◆ **REQUIRED WORK**:
The response has to reproduce all entries exactly while excluding their pictures.

◆ **Data extracted from a collection**:
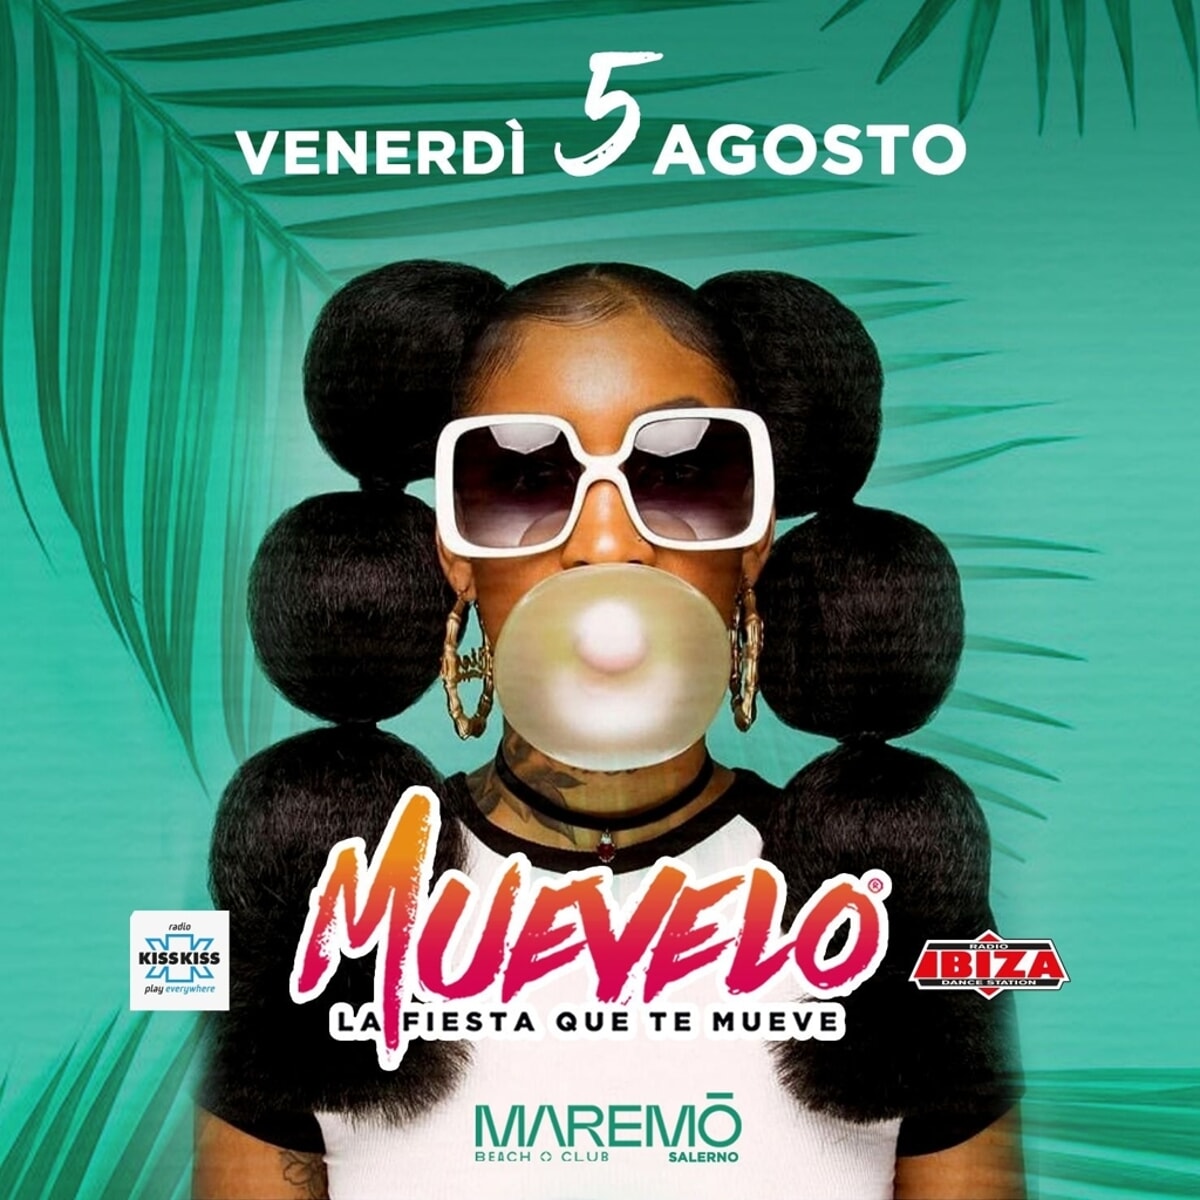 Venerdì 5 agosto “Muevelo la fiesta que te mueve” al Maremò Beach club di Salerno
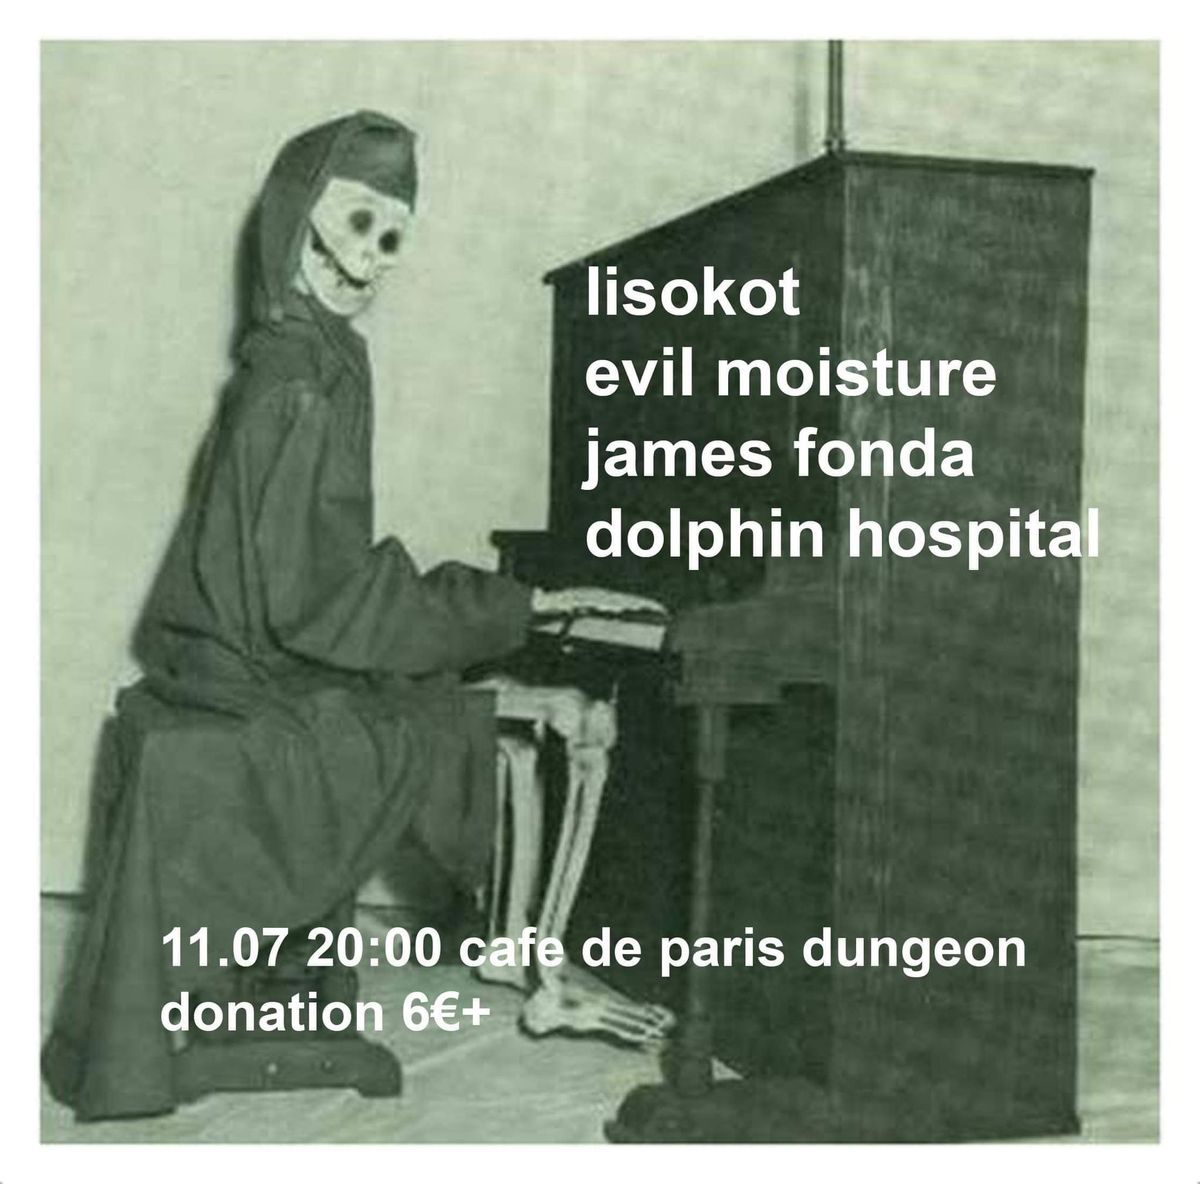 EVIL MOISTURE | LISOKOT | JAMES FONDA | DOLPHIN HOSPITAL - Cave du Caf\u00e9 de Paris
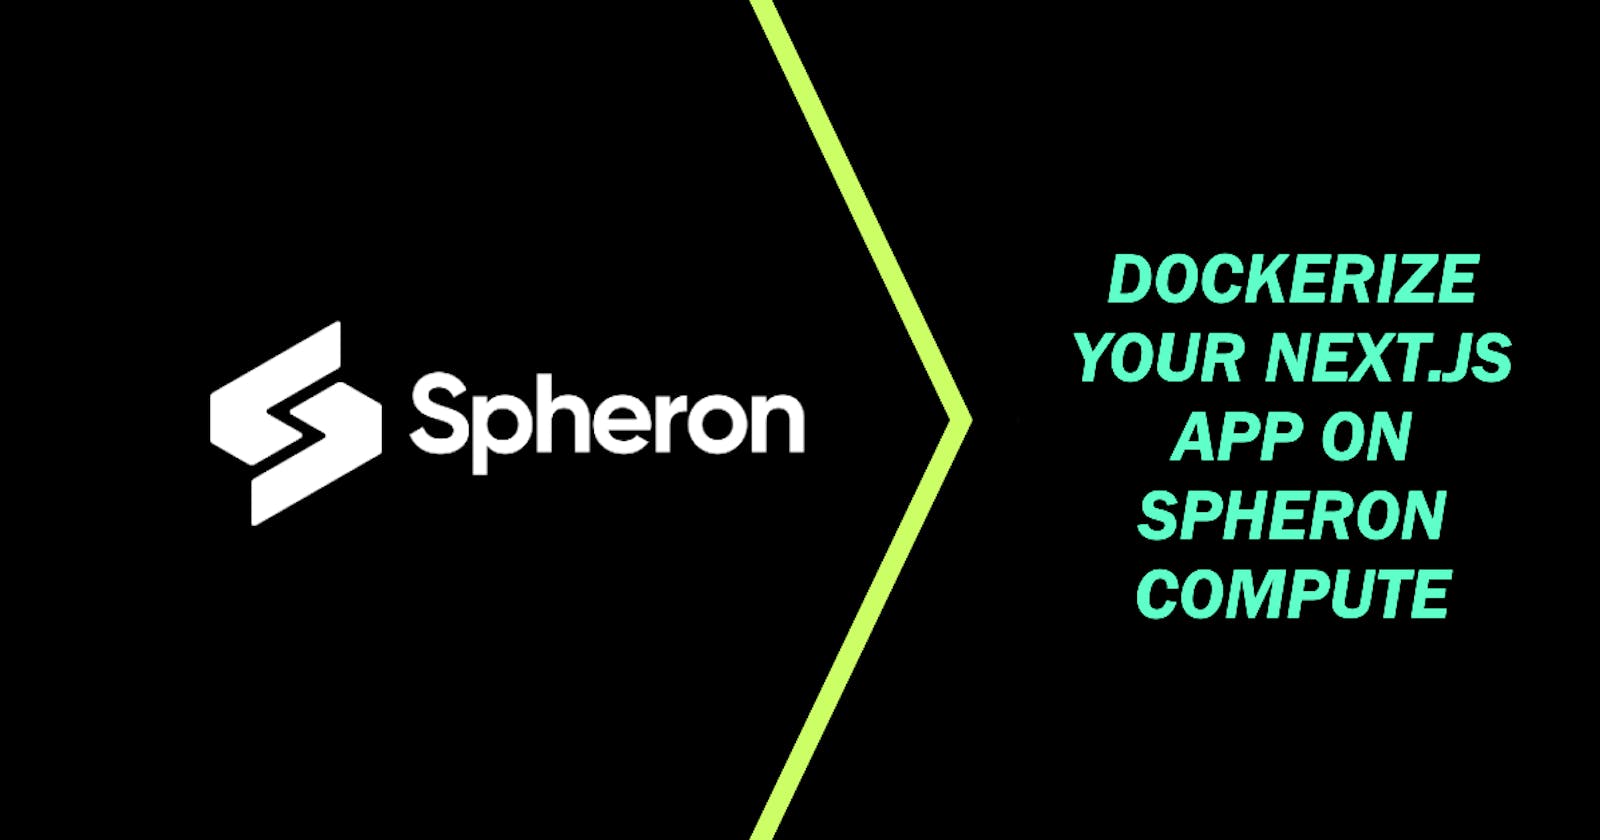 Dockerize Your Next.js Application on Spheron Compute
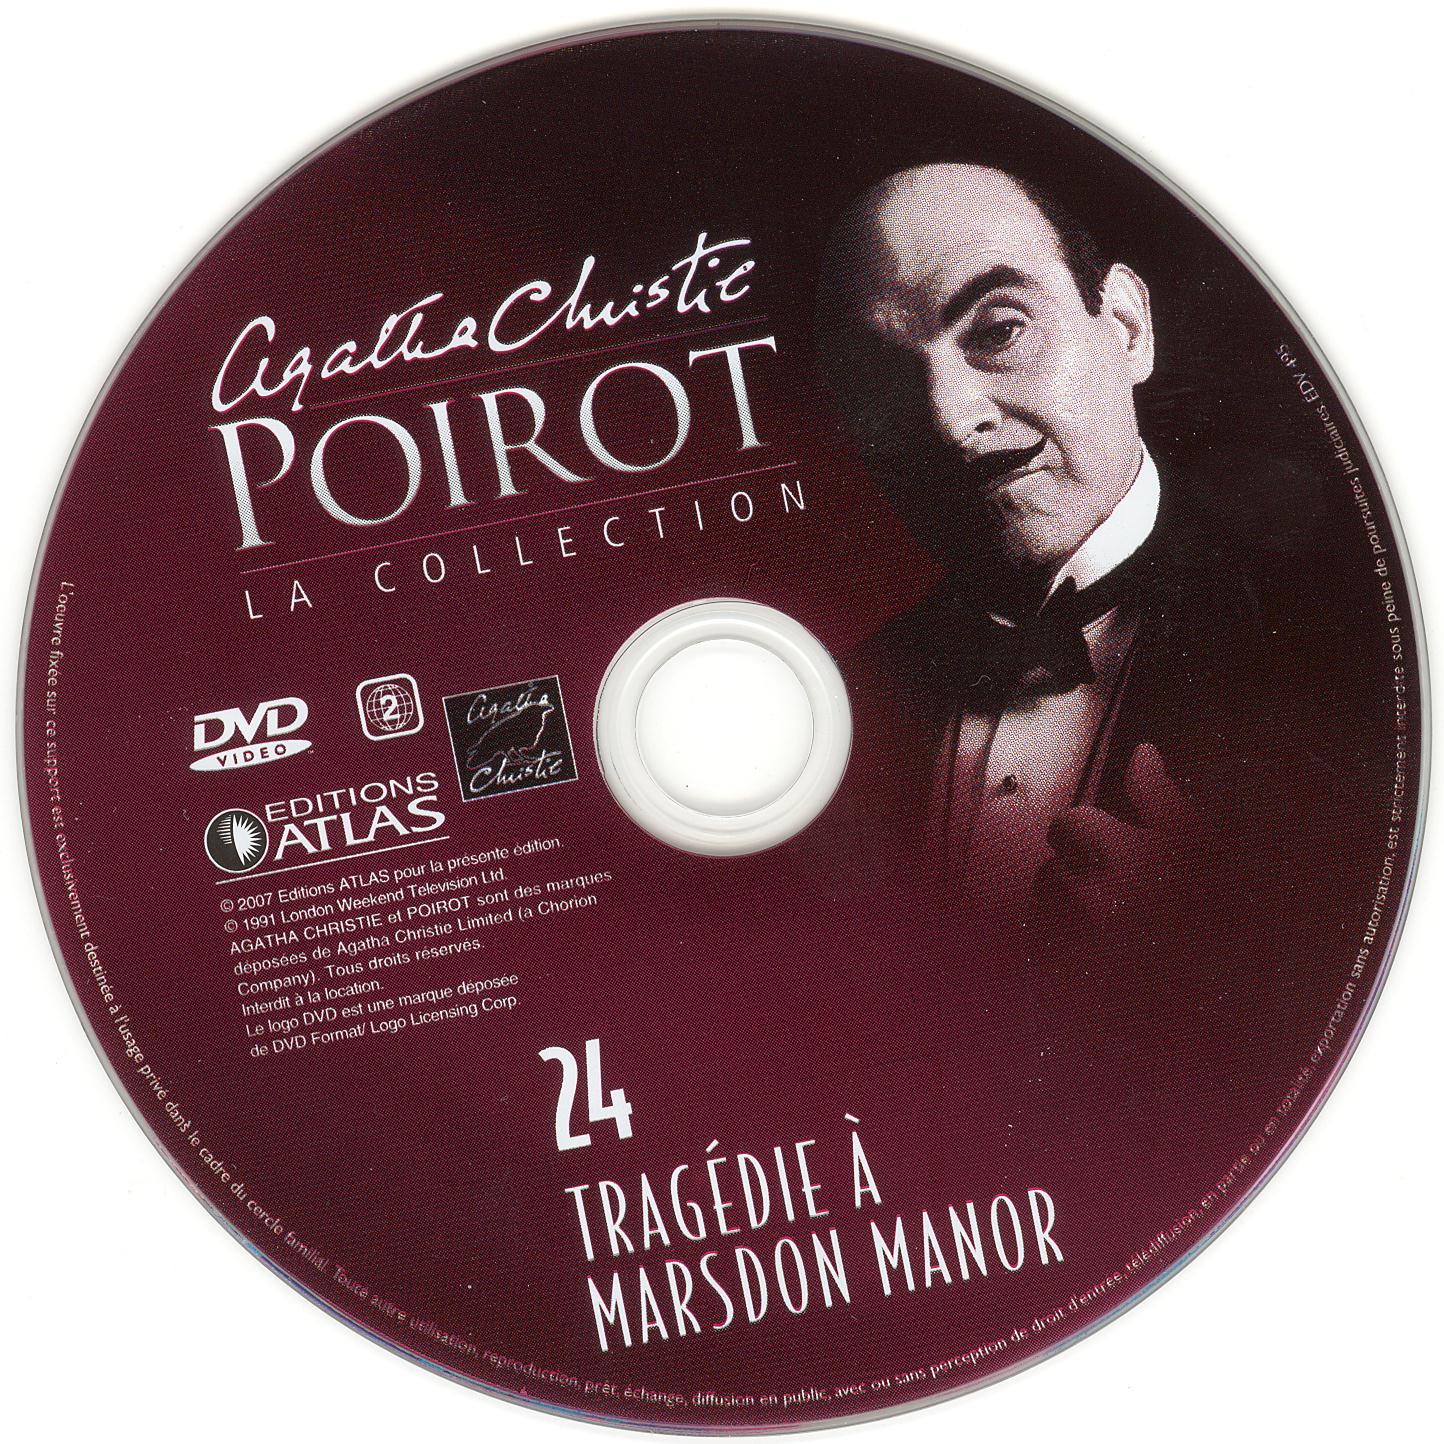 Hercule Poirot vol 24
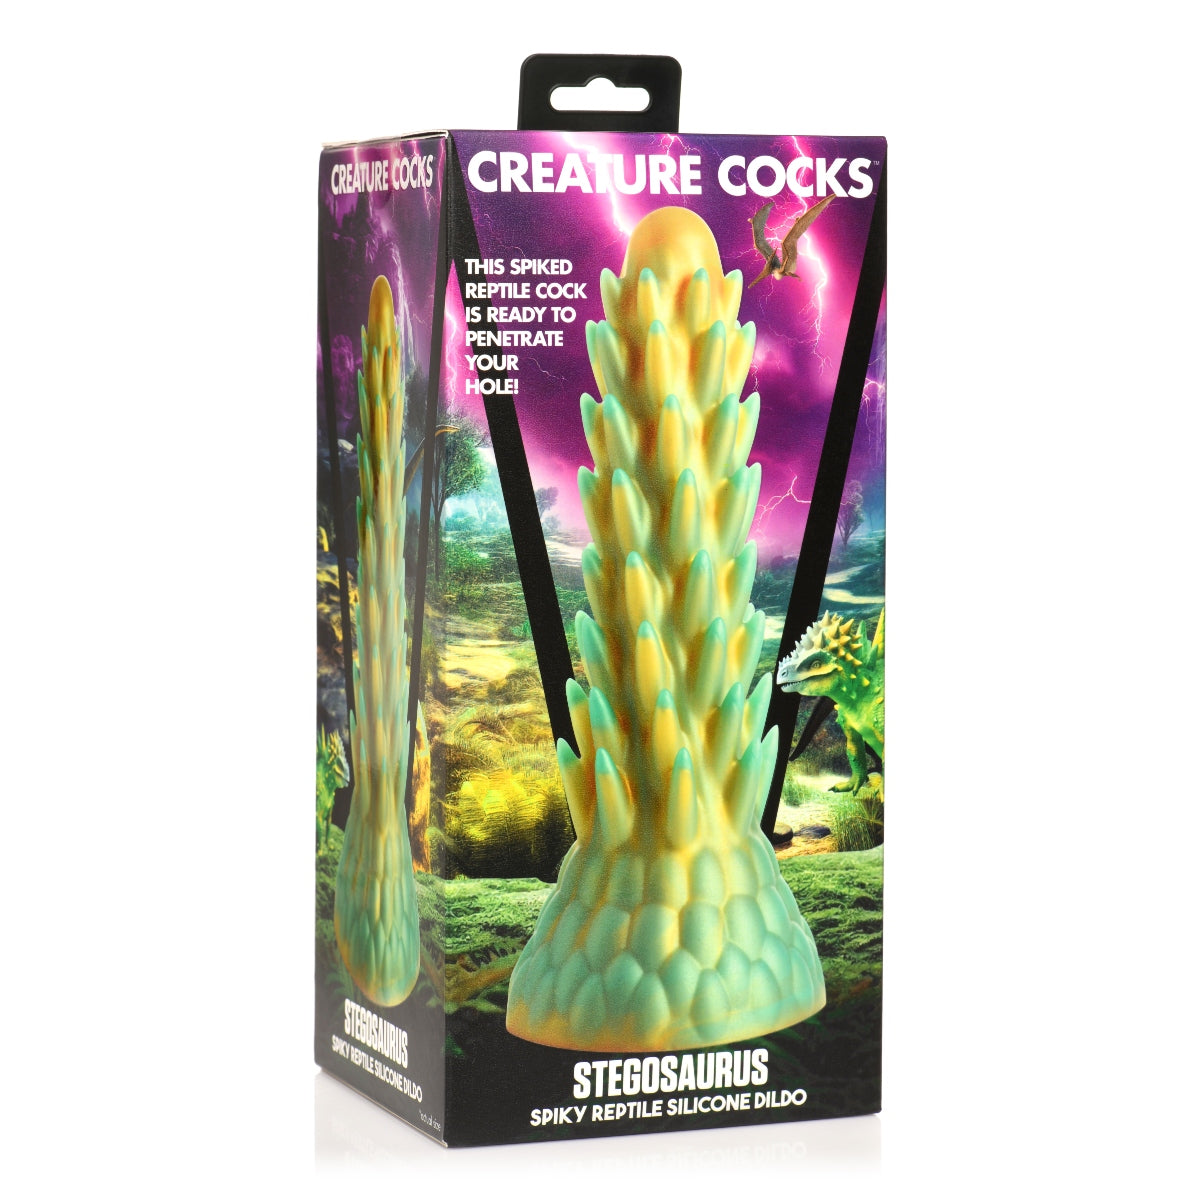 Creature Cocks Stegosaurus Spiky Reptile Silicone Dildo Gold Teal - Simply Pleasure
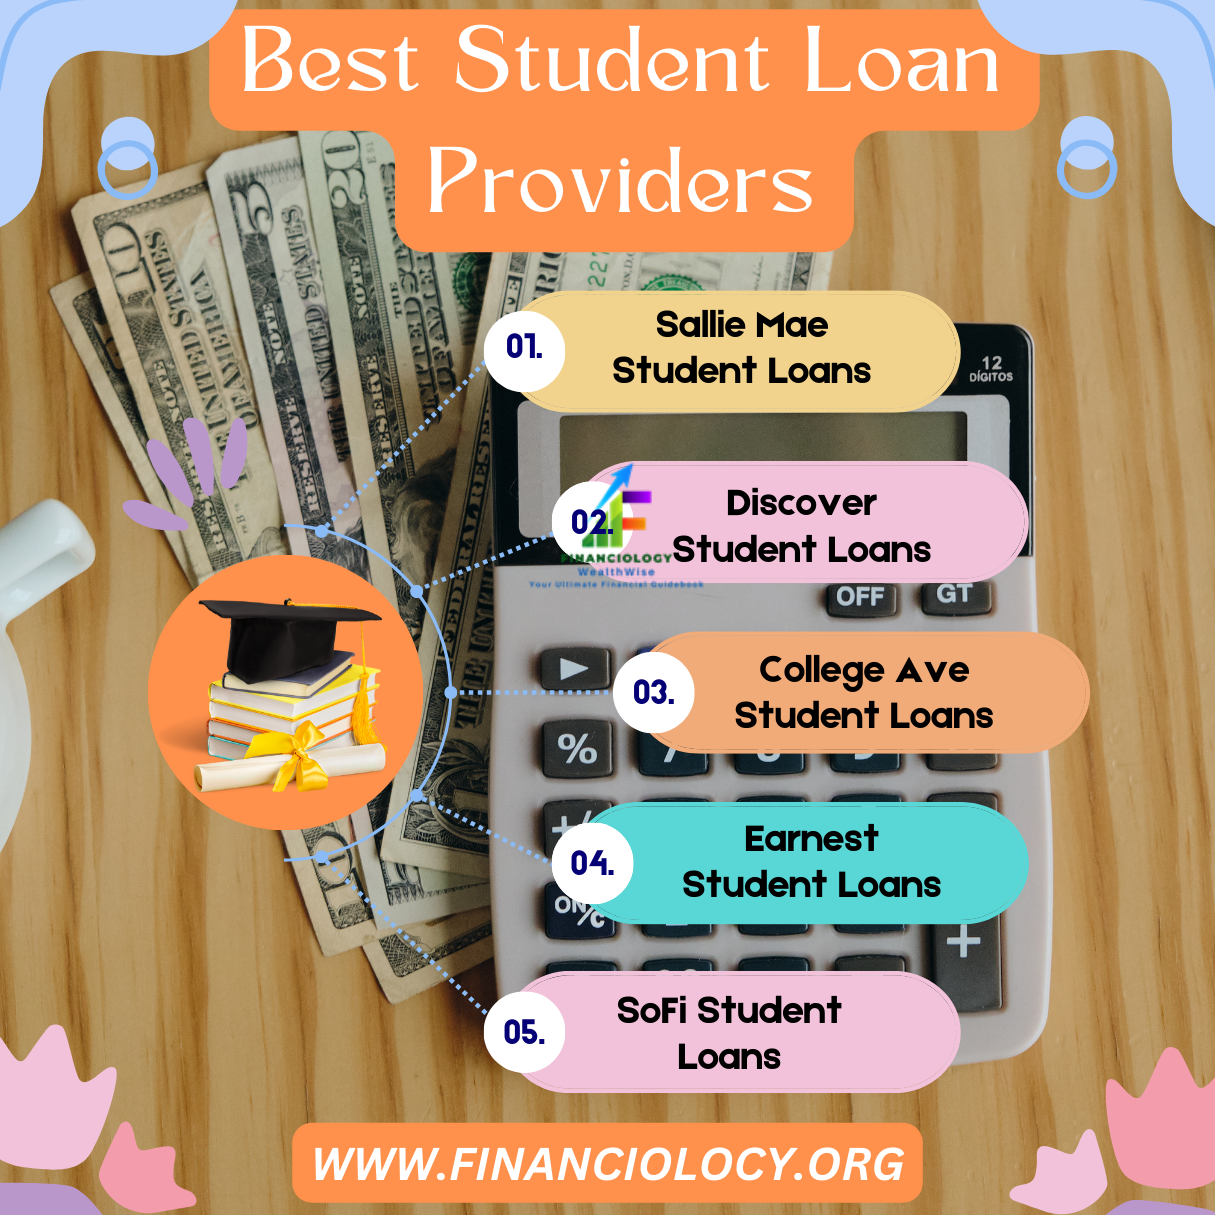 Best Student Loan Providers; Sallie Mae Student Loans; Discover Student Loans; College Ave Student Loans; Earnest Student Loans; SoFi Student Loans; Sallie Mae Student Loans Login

◆ **TASK OUTPUT**:
 Venerdì 5 agosto “Muevelo la fiesta que te mueve” al Maremò Beach club di Salerno
 EVIL MOISTURE | LISOKOT | JAMES FONDA | DOLPHIN HOSPITAL - Cave du Caf\u00e9 de Paris
 Dockerize Your Next.js Application on Spheron Compute
 Hercule Poirot vol 24
 Creature Cocks Stegosaurus Spiky Reptile Silicone Dildo Gold Teal - Simply Pleasure
 Best Student Loan Providers; Sallie Mae Student Loans; Discover Student Loans; College Ave Student Loans; Earnest Student Loans; SoFi Student Loans; Sallie Mae Student Loans Login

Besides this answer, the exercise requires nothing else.